Three mistakes worth dodging.

Thinking few-shot teaches the model. It does not. The model is exactly the same after the prompt as before. Few-shot cues an existing capability; it does not install a new one. If you find yourself wanting the model to “remember” something across sessions, that is an application-design problem, not a prompting problem.

Thinking more examples are always better. Past the third or fourth example, returns diminish quickly. Past ten, you may actively confuse the model or overfit it to a narrow pattern. The right number is the smallest number that makes the pattern unambiguous.

Mistaking a format pattern for a rule. Few-shot is reliable when your examples convey a stable format. It is less reliable when your examples are supposed to convey a complex rule that the model has to infer. If the rule is hard to infer, write it out. Prompts that combine an explicit instruction with one or two illustrative examples usually outperform pure-example prompts on hard tasks.

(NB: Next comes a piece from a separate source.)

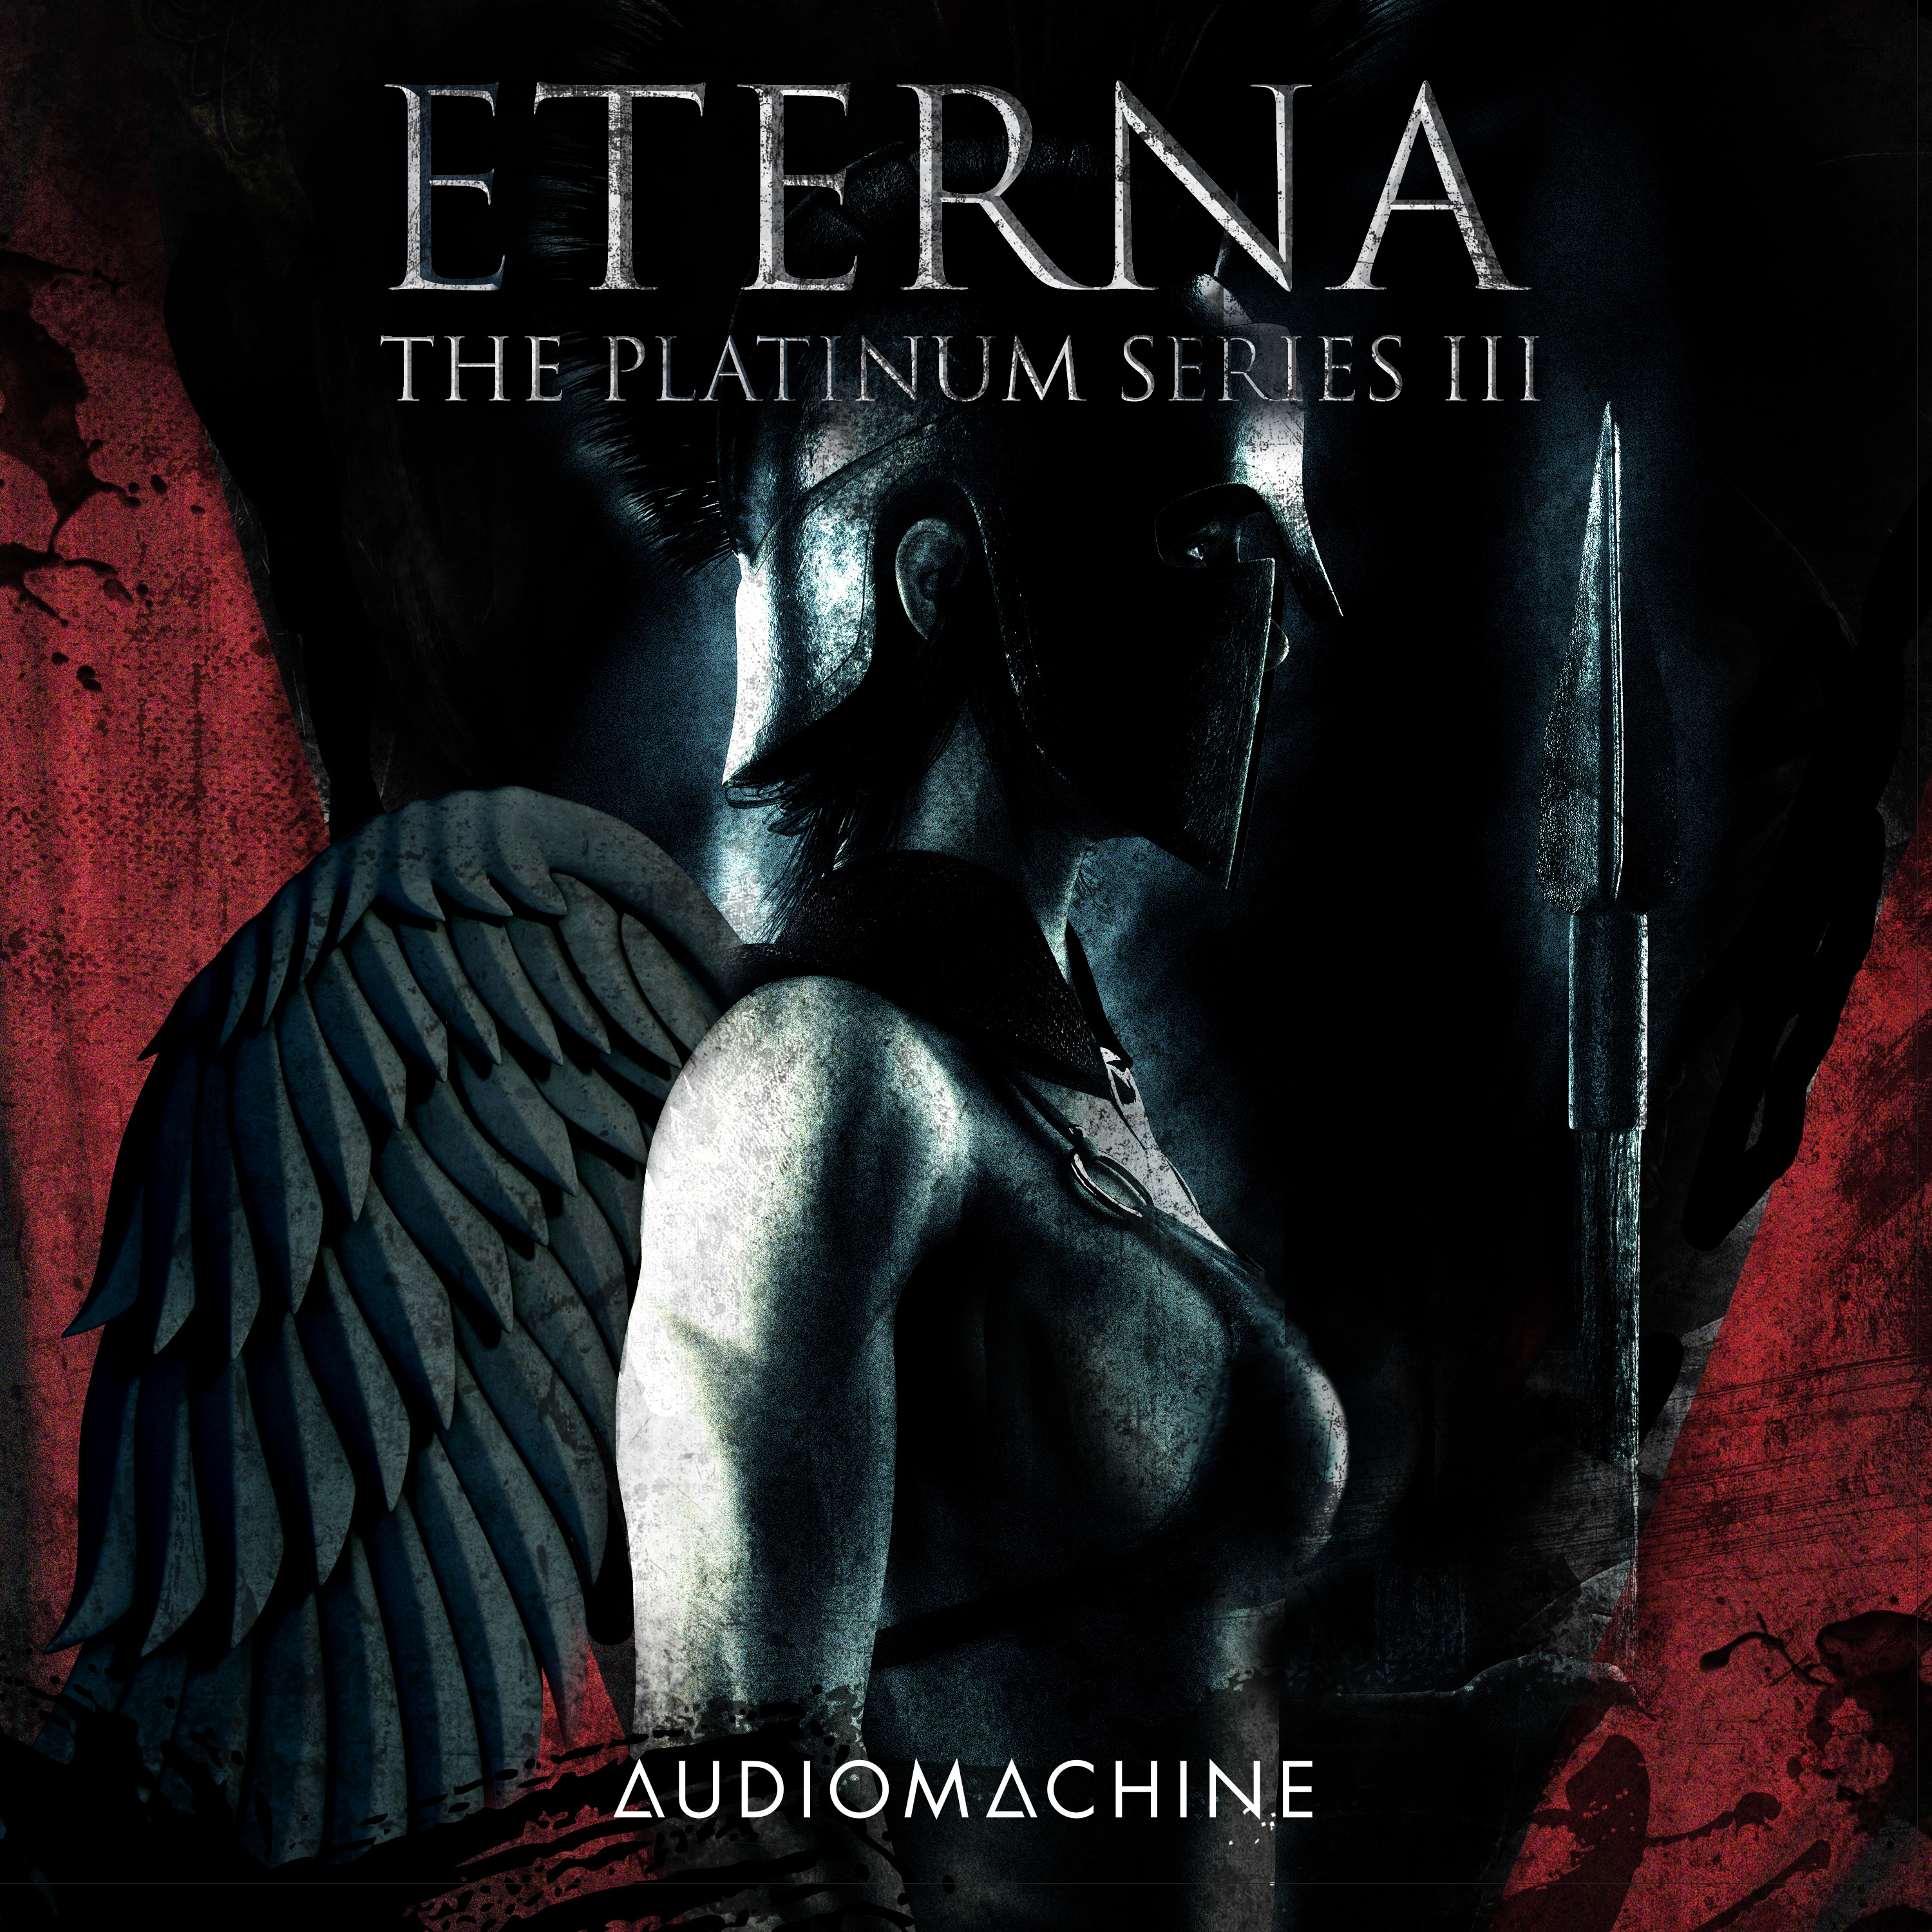 The Platinum Series III: Eterna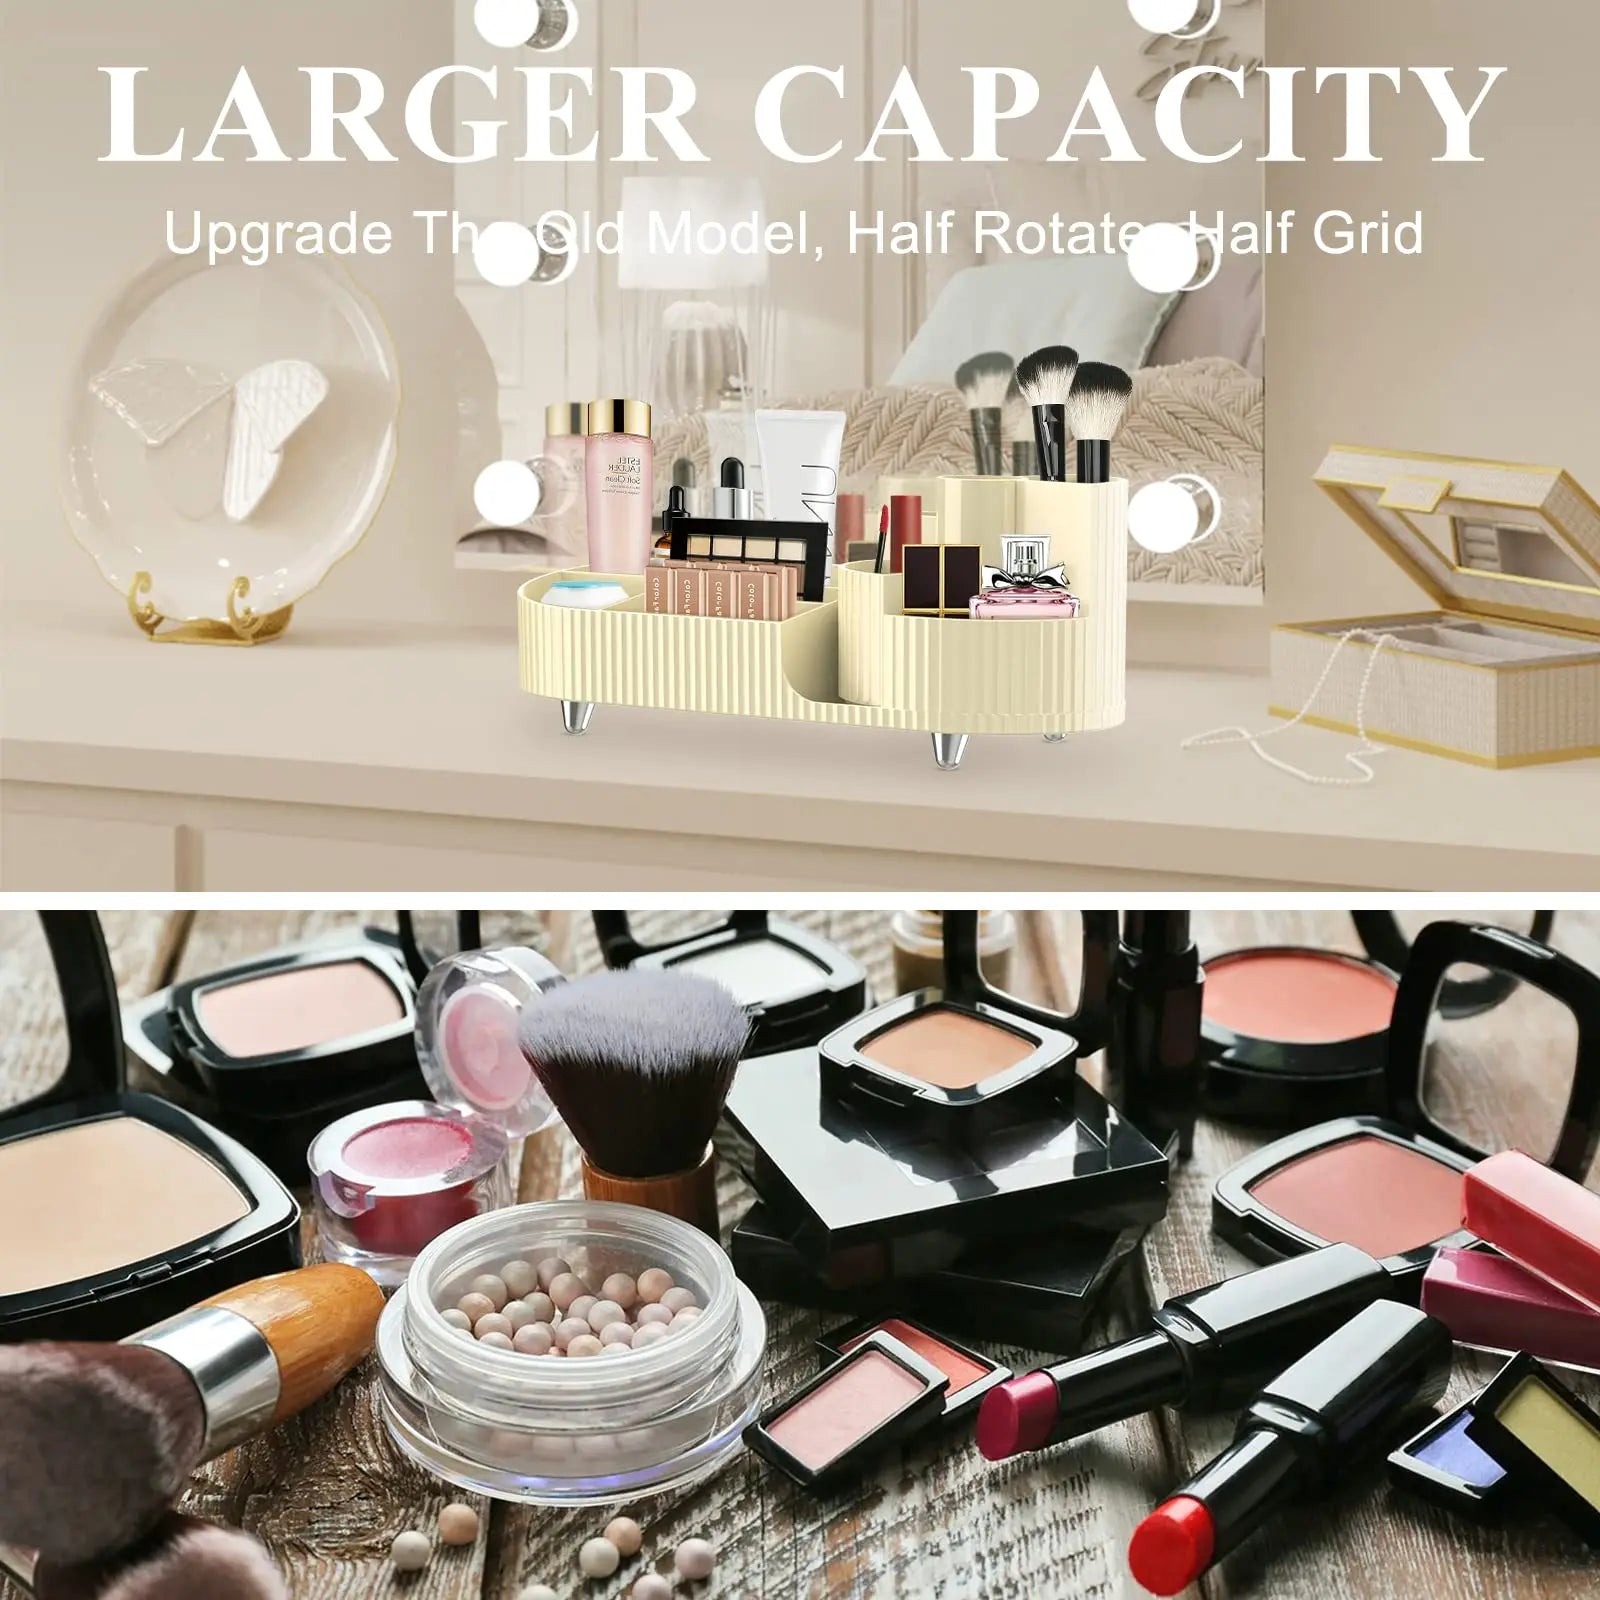 360° Rotating Makeup Organizer - Large Capacity Brush Holder for Vanity Decor, Bathroom Countertops, Desk Storage Container

  • In-context learning means using the prompt to shape the model’s immediate behavior. Weights do not change. The “learning” is local to one inference call.
  • Zero-shot, one-shot, few-shot. The vocabulary distinguishes how many demonstrations you include. The conceptually important shift is from zero to nonzero examples.
  • Few-shot works because pretrained LLMs internalize many patterns during training. Examples in the prompt help the model select which pattern to invoke. They cannot create knowledge the model does not already have.
  • Three to five clean, diverse, representative examples is the typical sweet spot. Format consistently. Place the real query last. Watch for accidental patterns the model could lock onto.
  • For complex reasoning tasks, an explicit instruction may outperform pure few-shot. Modern reasoning models can sometimes do better with a written-out rule than with examples. The next lesson covers chain-of-thought, which picks up the multi-step-reasoning thread.

The model is frozen. The prompt is not.
Examples in the prompt cue patterns the model already knows.
Zero-shot when the task is clear, few-shot when zero-shot is unreliable, instructions when the rule is hard to infer.